**Work item**
Write out each record exactly as given, but do not include the pictures.

**Data extracted from a collection**
>>>>

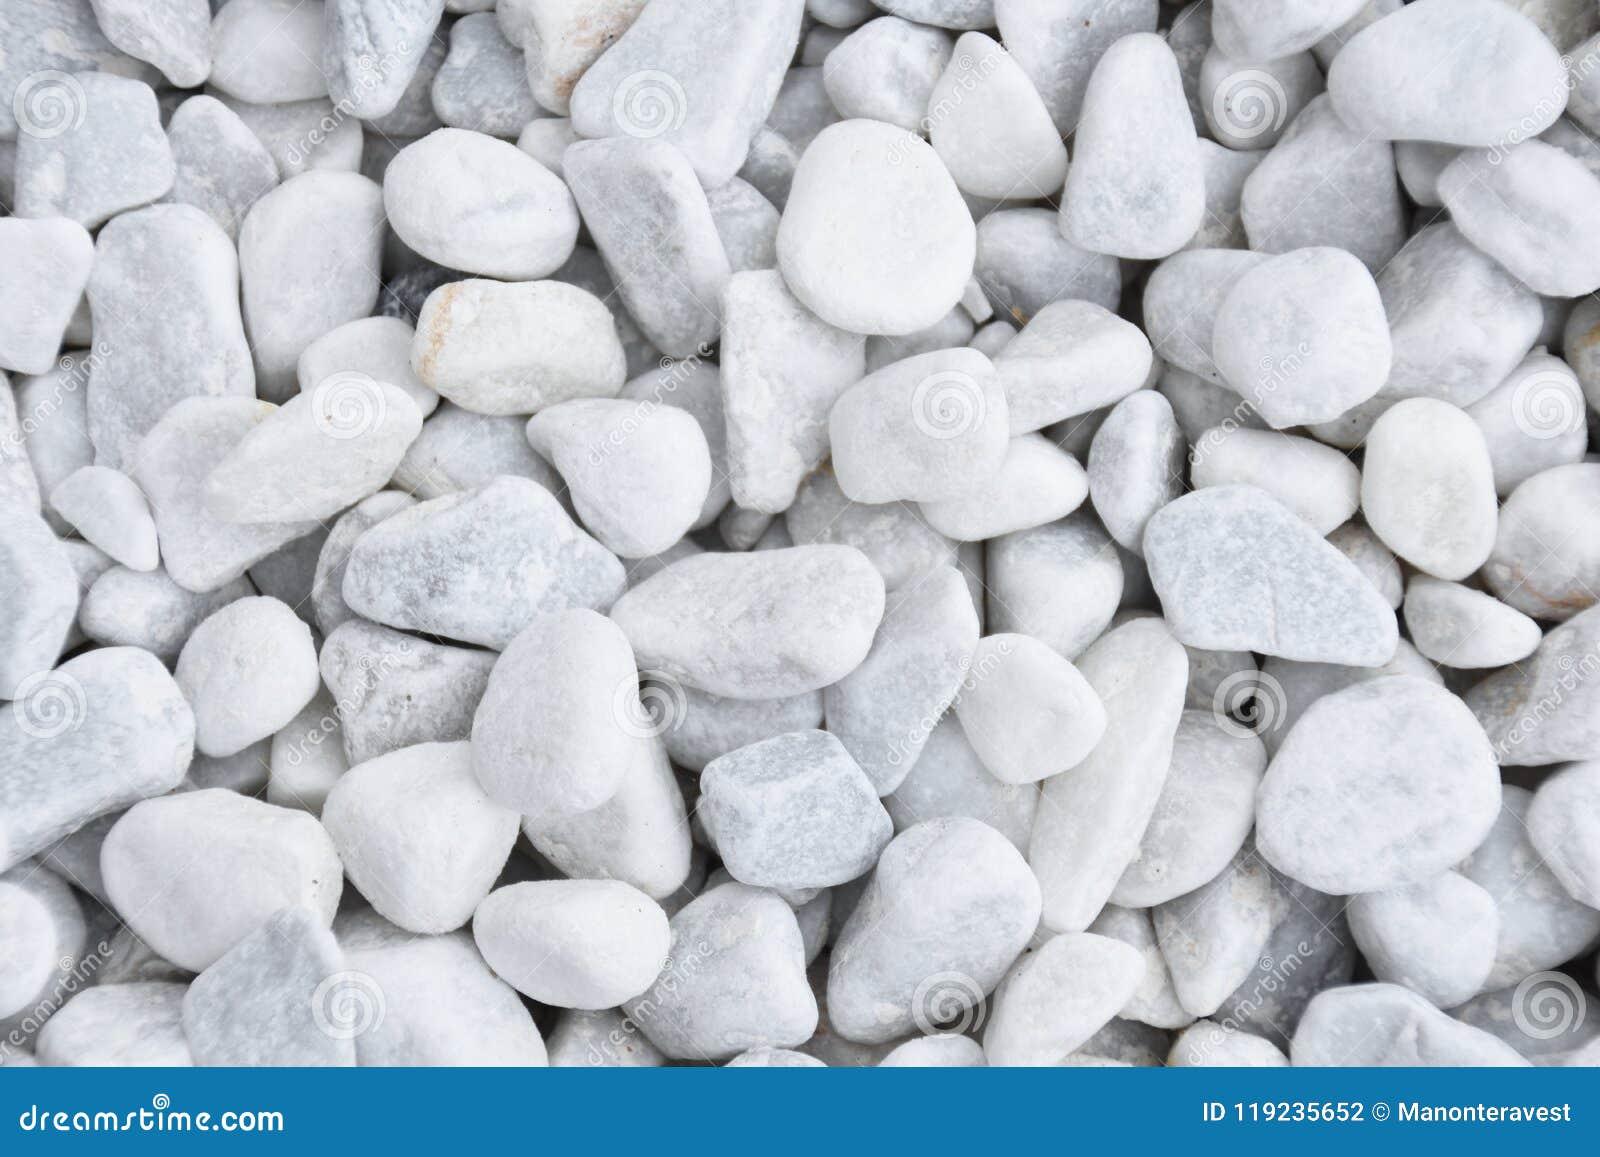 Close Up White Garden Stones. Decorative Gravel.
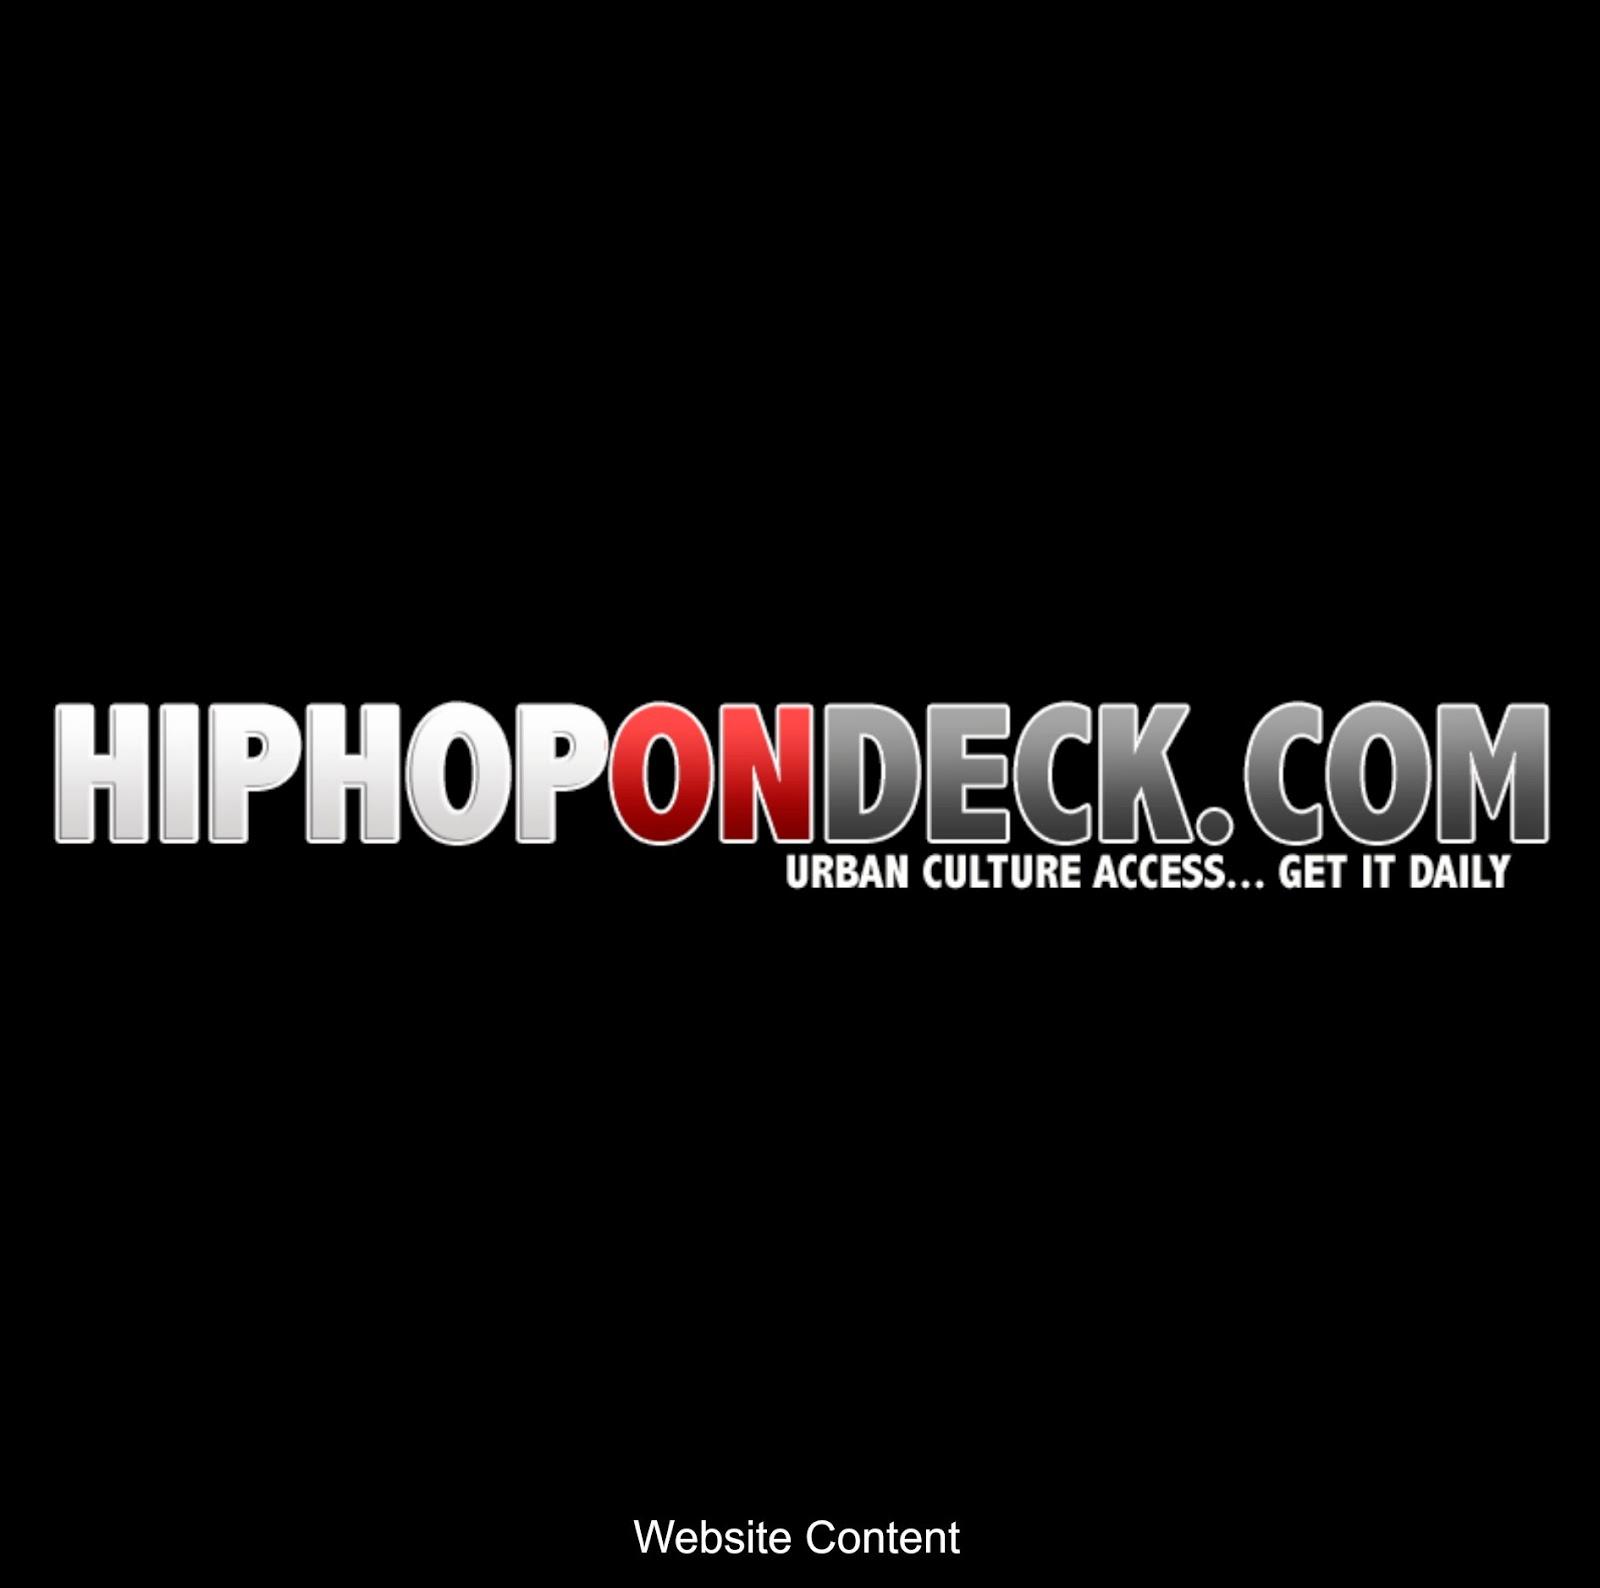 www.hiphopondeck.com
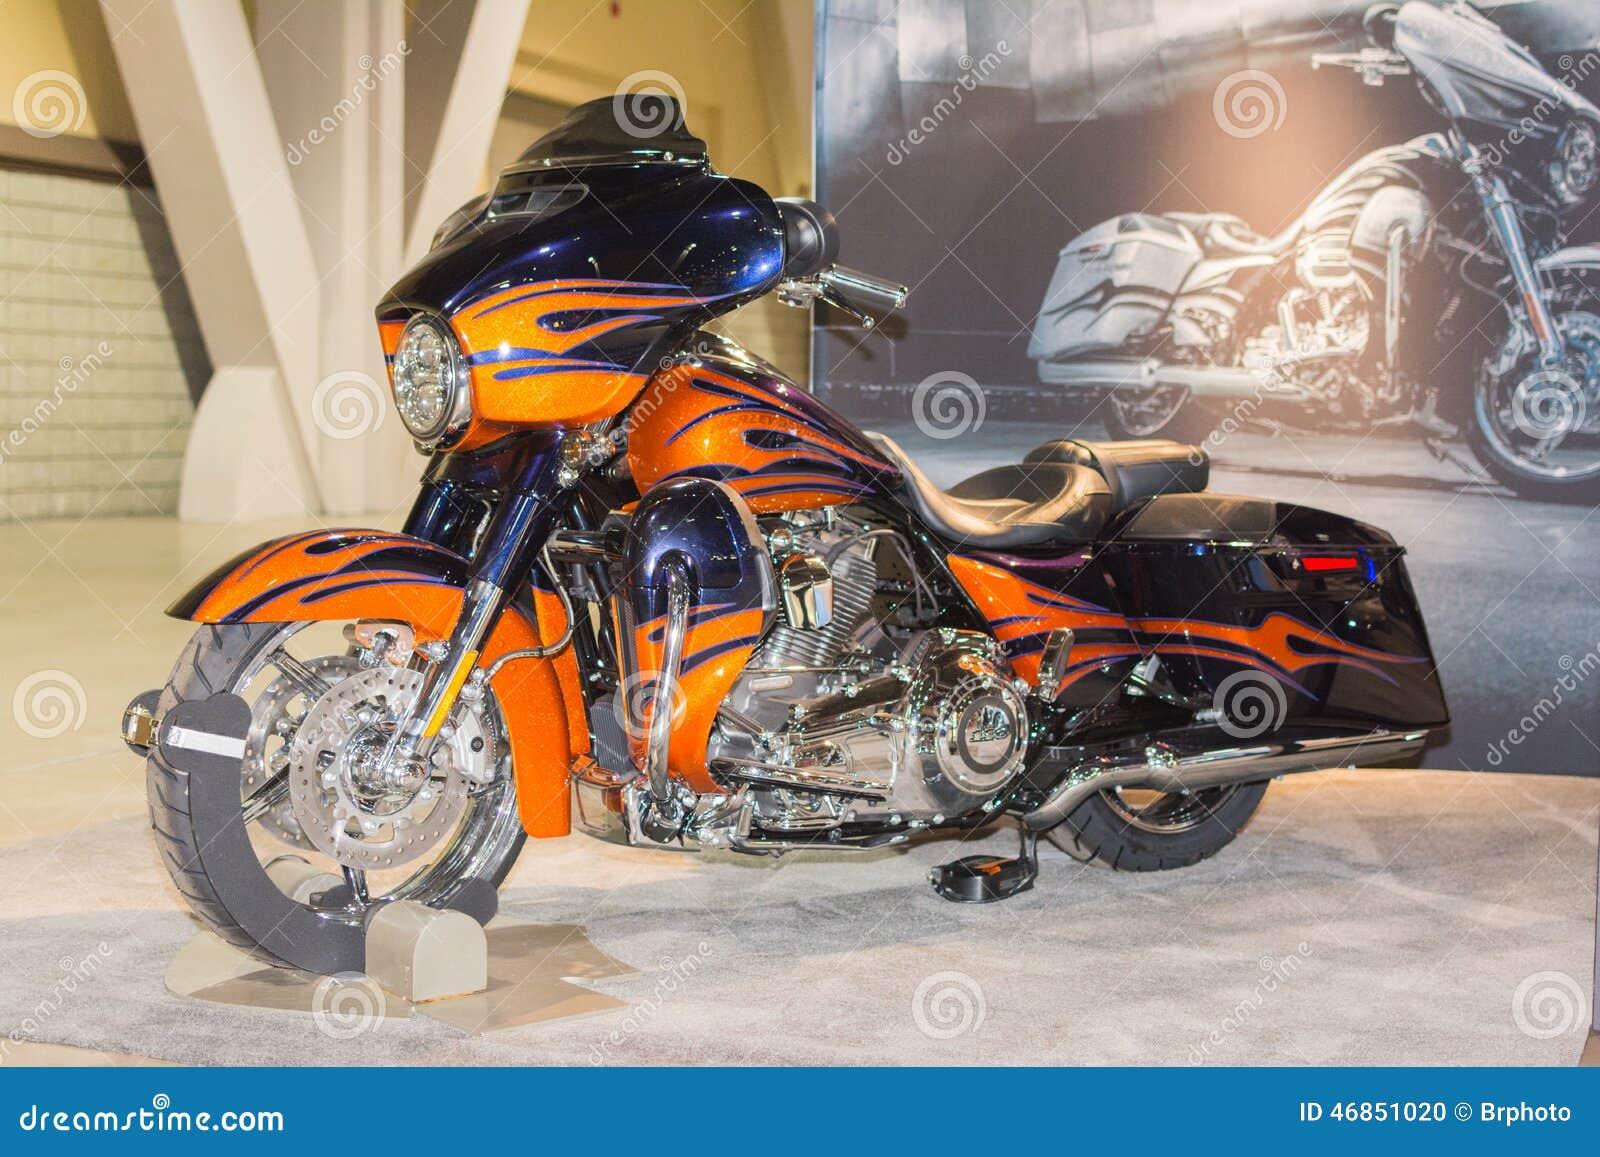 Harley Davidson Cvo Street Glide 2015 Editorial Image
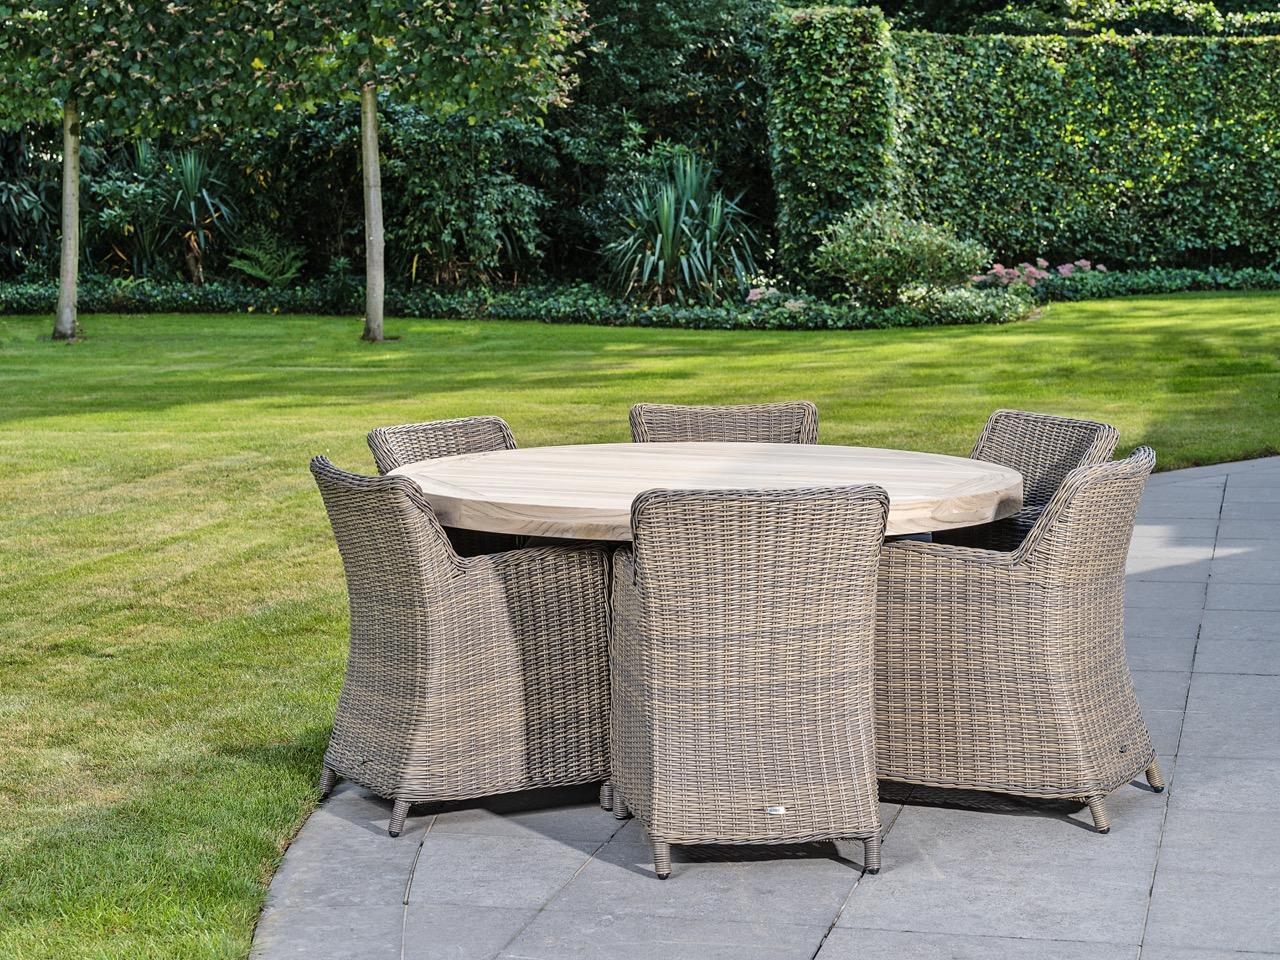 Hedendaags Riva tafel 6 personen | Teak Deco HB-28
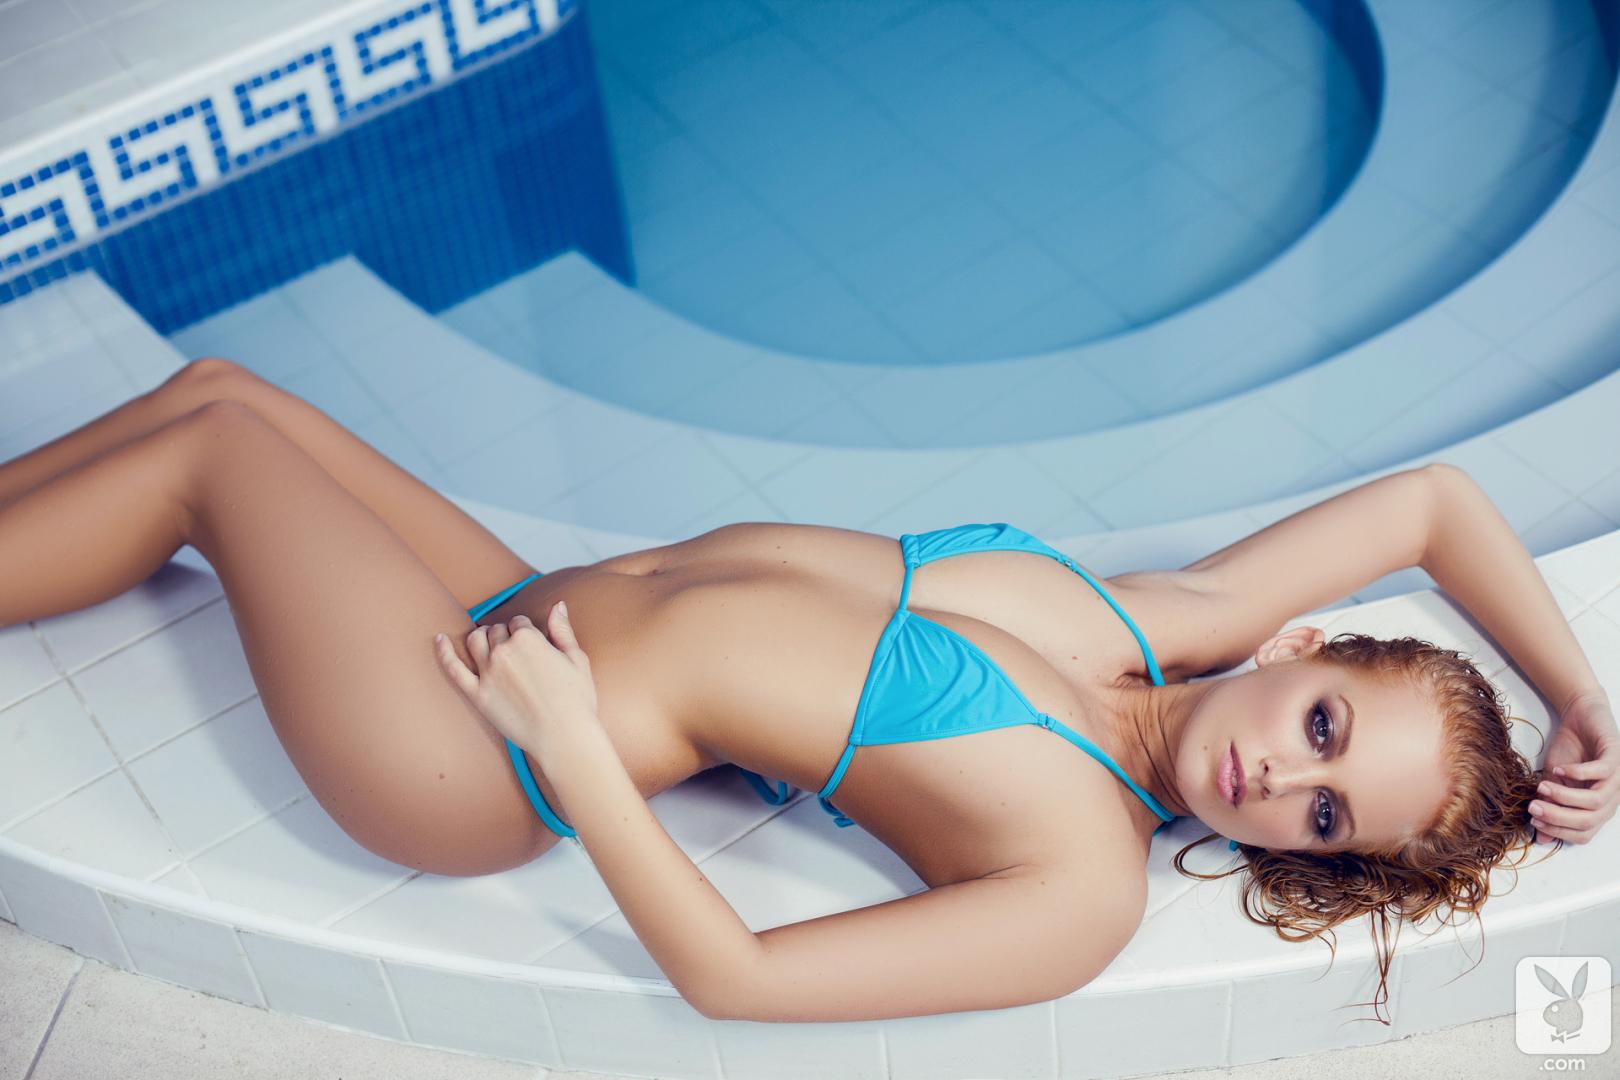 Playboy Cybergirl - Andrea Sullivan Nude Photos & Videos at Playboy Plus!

<<<<

**Task solution**
 Close Up White Garden Stones. Decorative Gravel.
 www.hiphopondeck.com
 Harley Davidson Cvo Street Glide 2015 Editorial Image
 Hedendaags Riva tafel 6 personen | Teak Deco HB-28
 Playboy Cybergirl - Andrea Sullivan Nude Photos & Videos at Playboy Plus!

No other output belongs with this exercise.